Write out the full listing exactly as given, minus the images.

## AVAILABLE DATA
++++++++

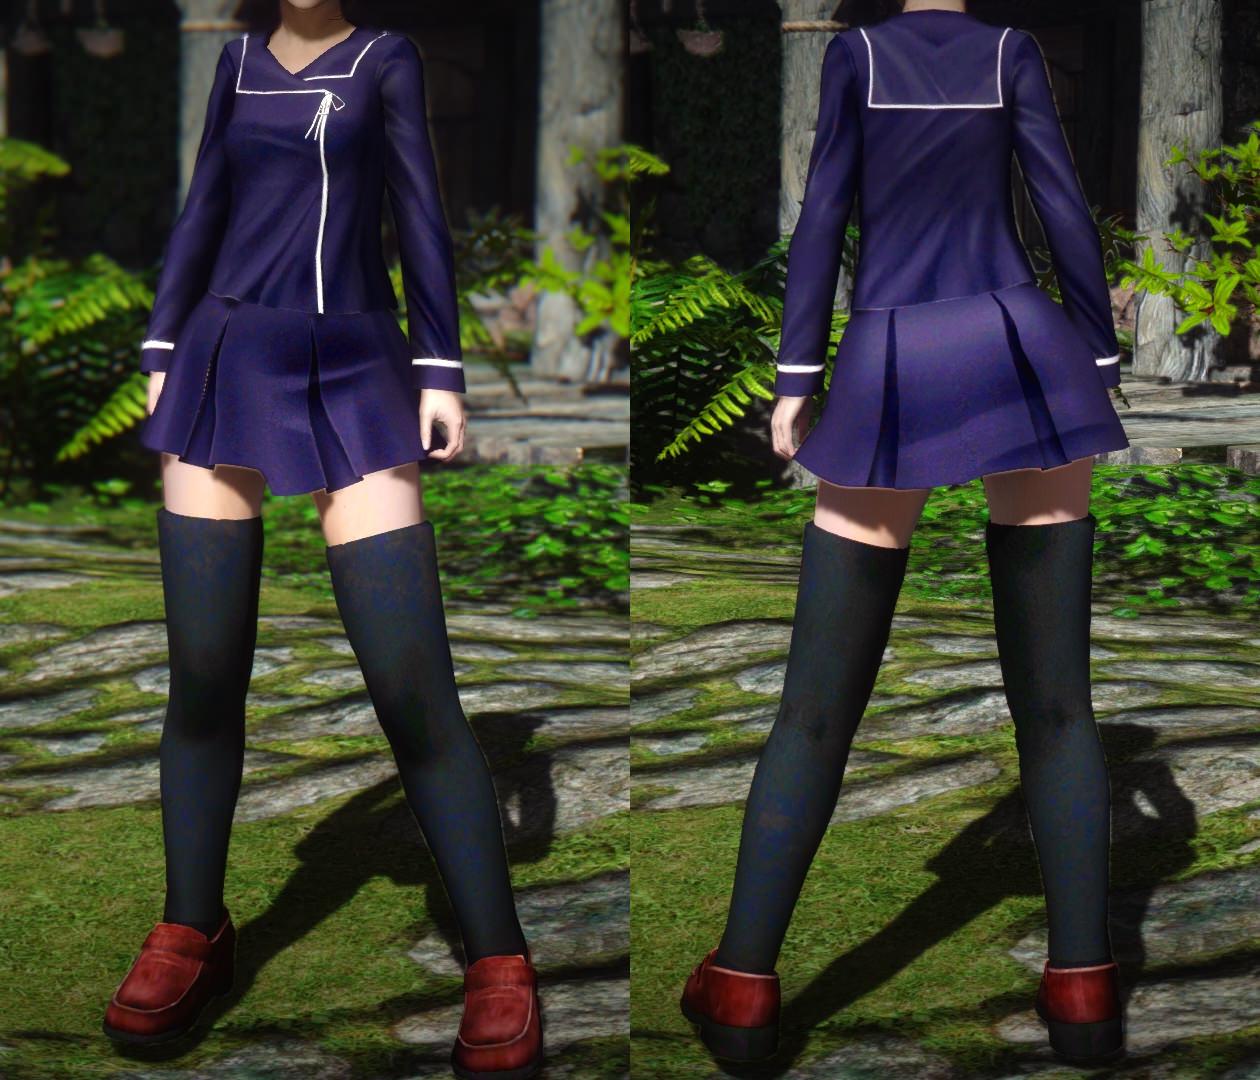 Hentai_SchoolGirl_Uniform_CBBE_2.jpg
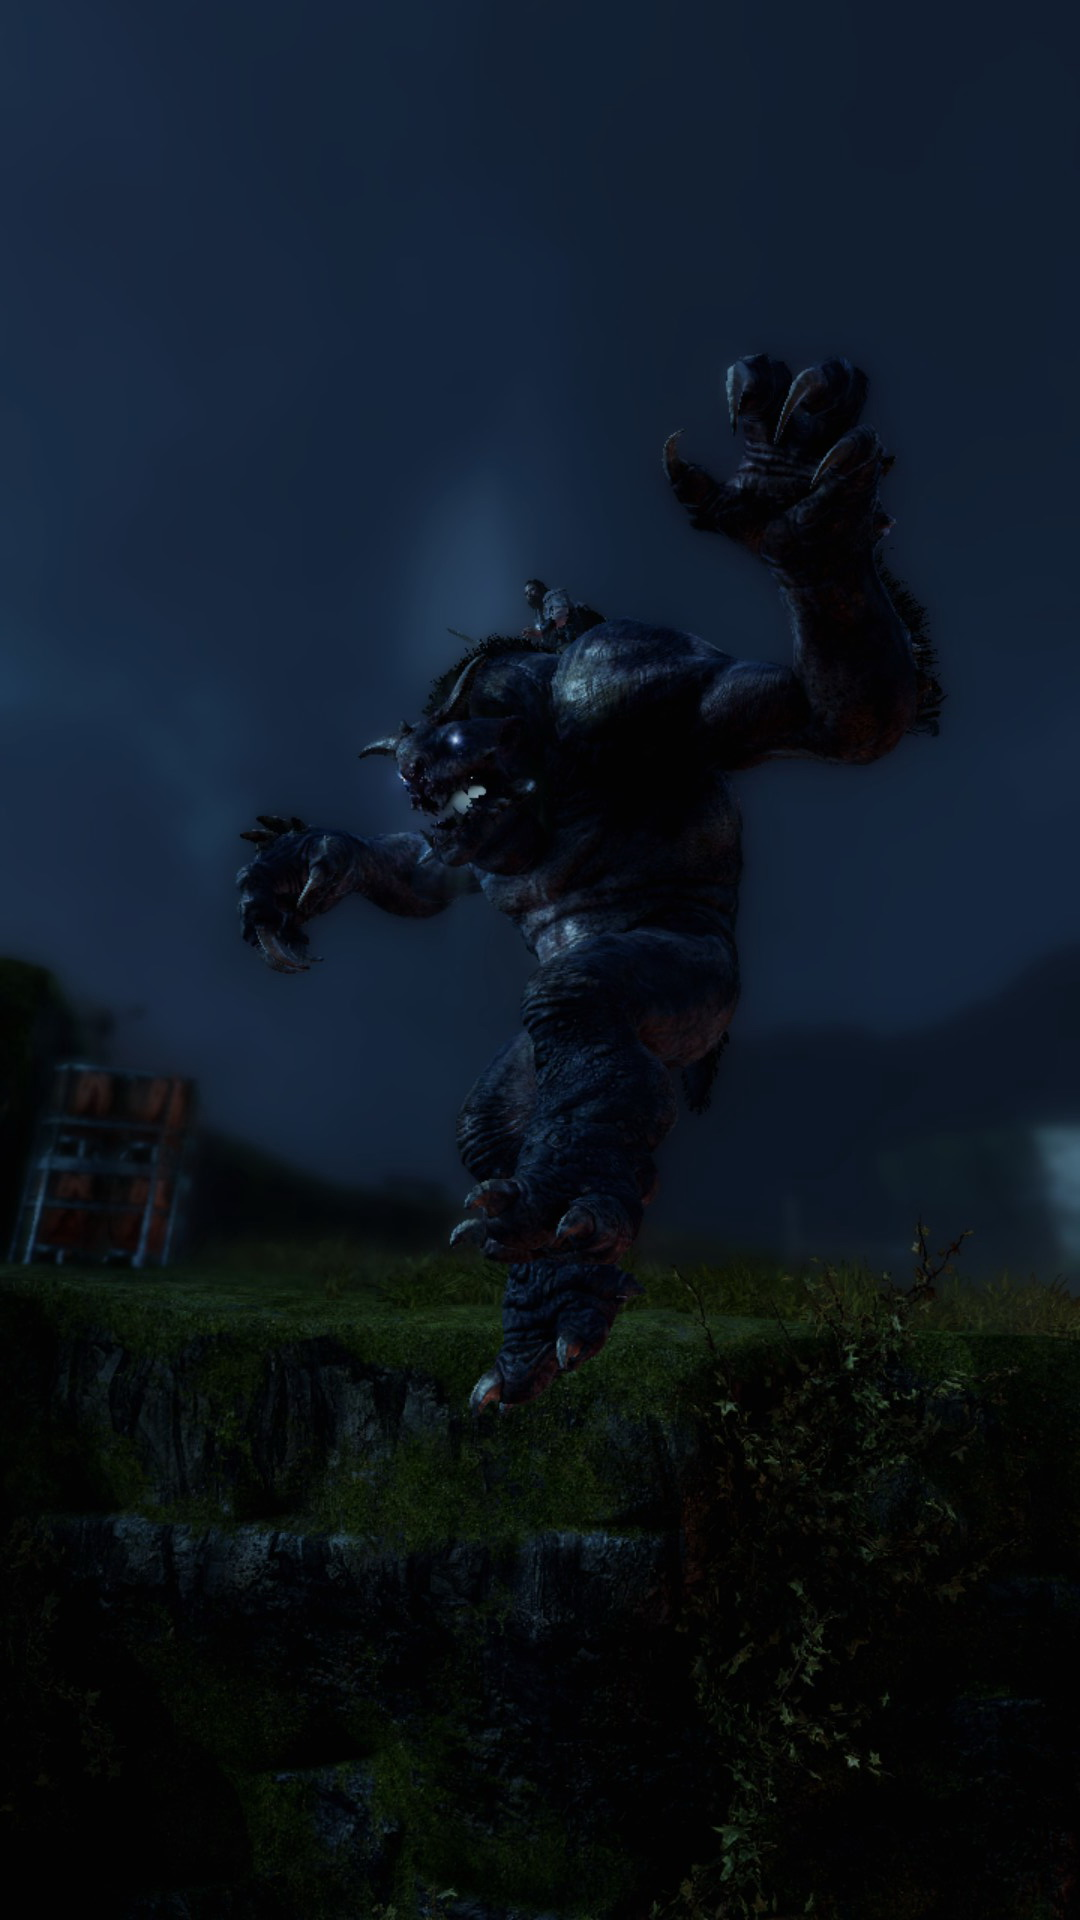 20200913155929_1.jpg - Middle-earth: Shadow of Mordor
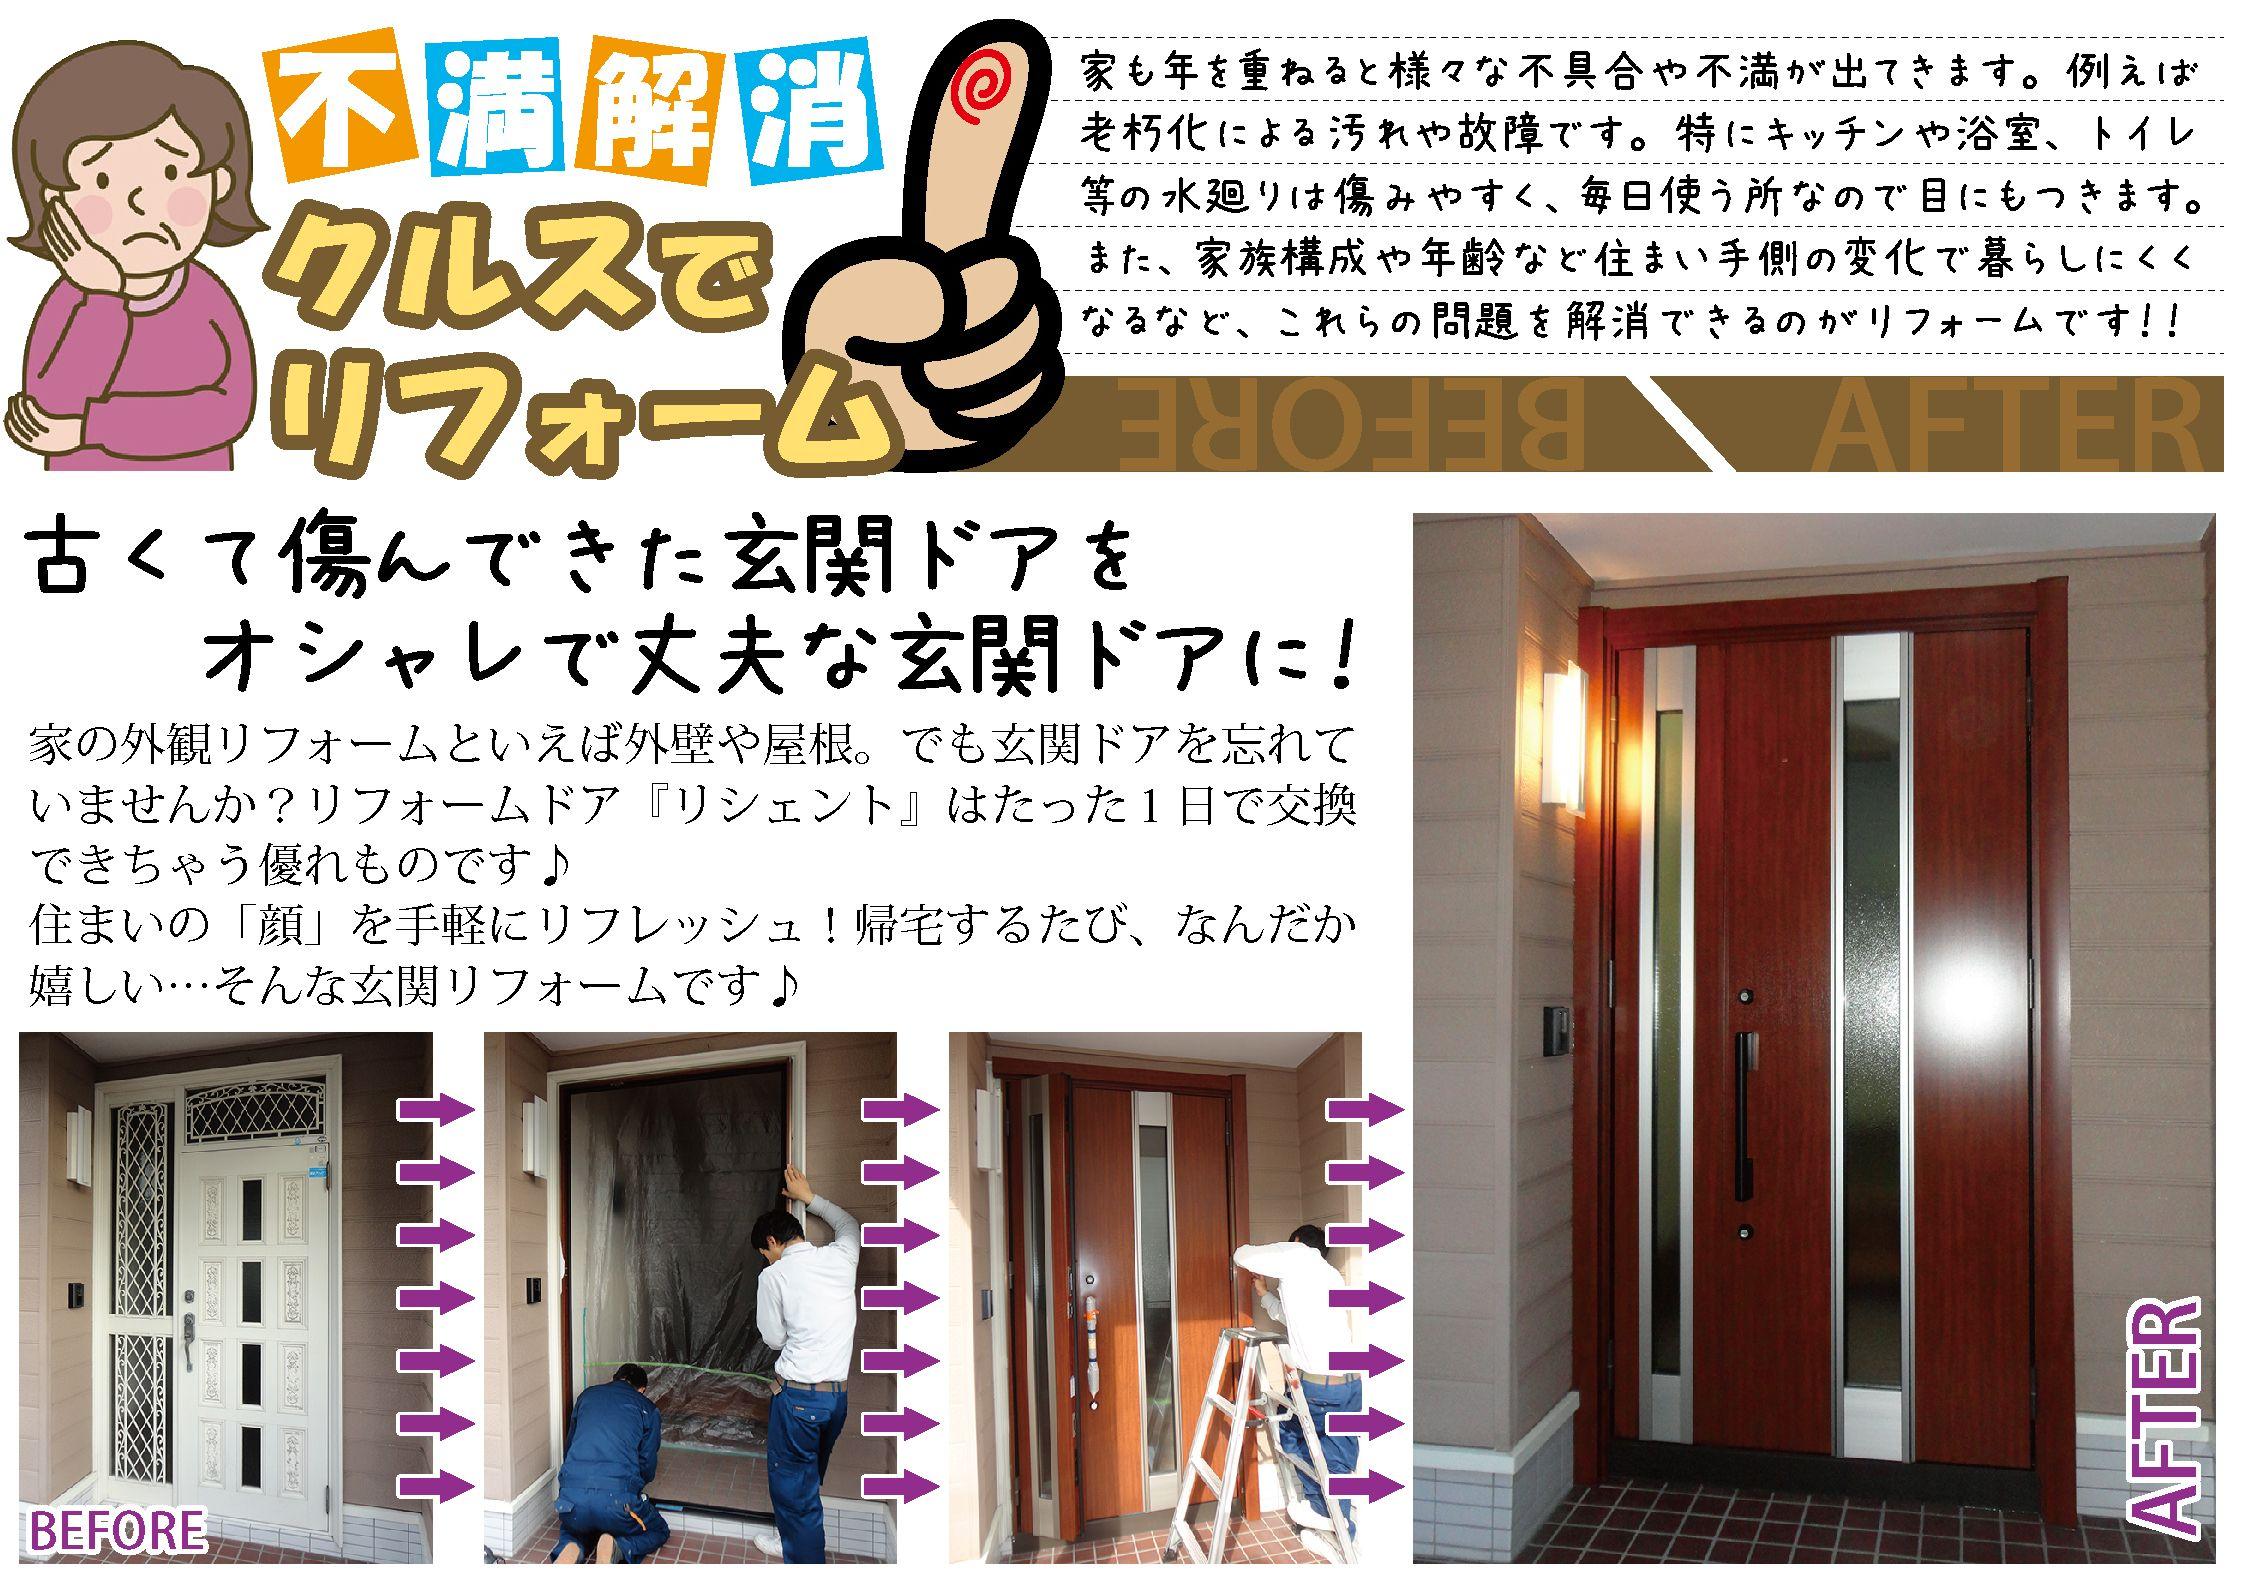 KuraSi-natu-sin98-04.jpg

++++++++

## SOLUTION TO THIS EXERCISE
 Hentai_SchoolGirl_Uniform_CBBE_2.jpg
 20200913155929_1.jpg - Middle-earth: Shadow of Mordor
 KuraSi-natu-sin98-04.jpg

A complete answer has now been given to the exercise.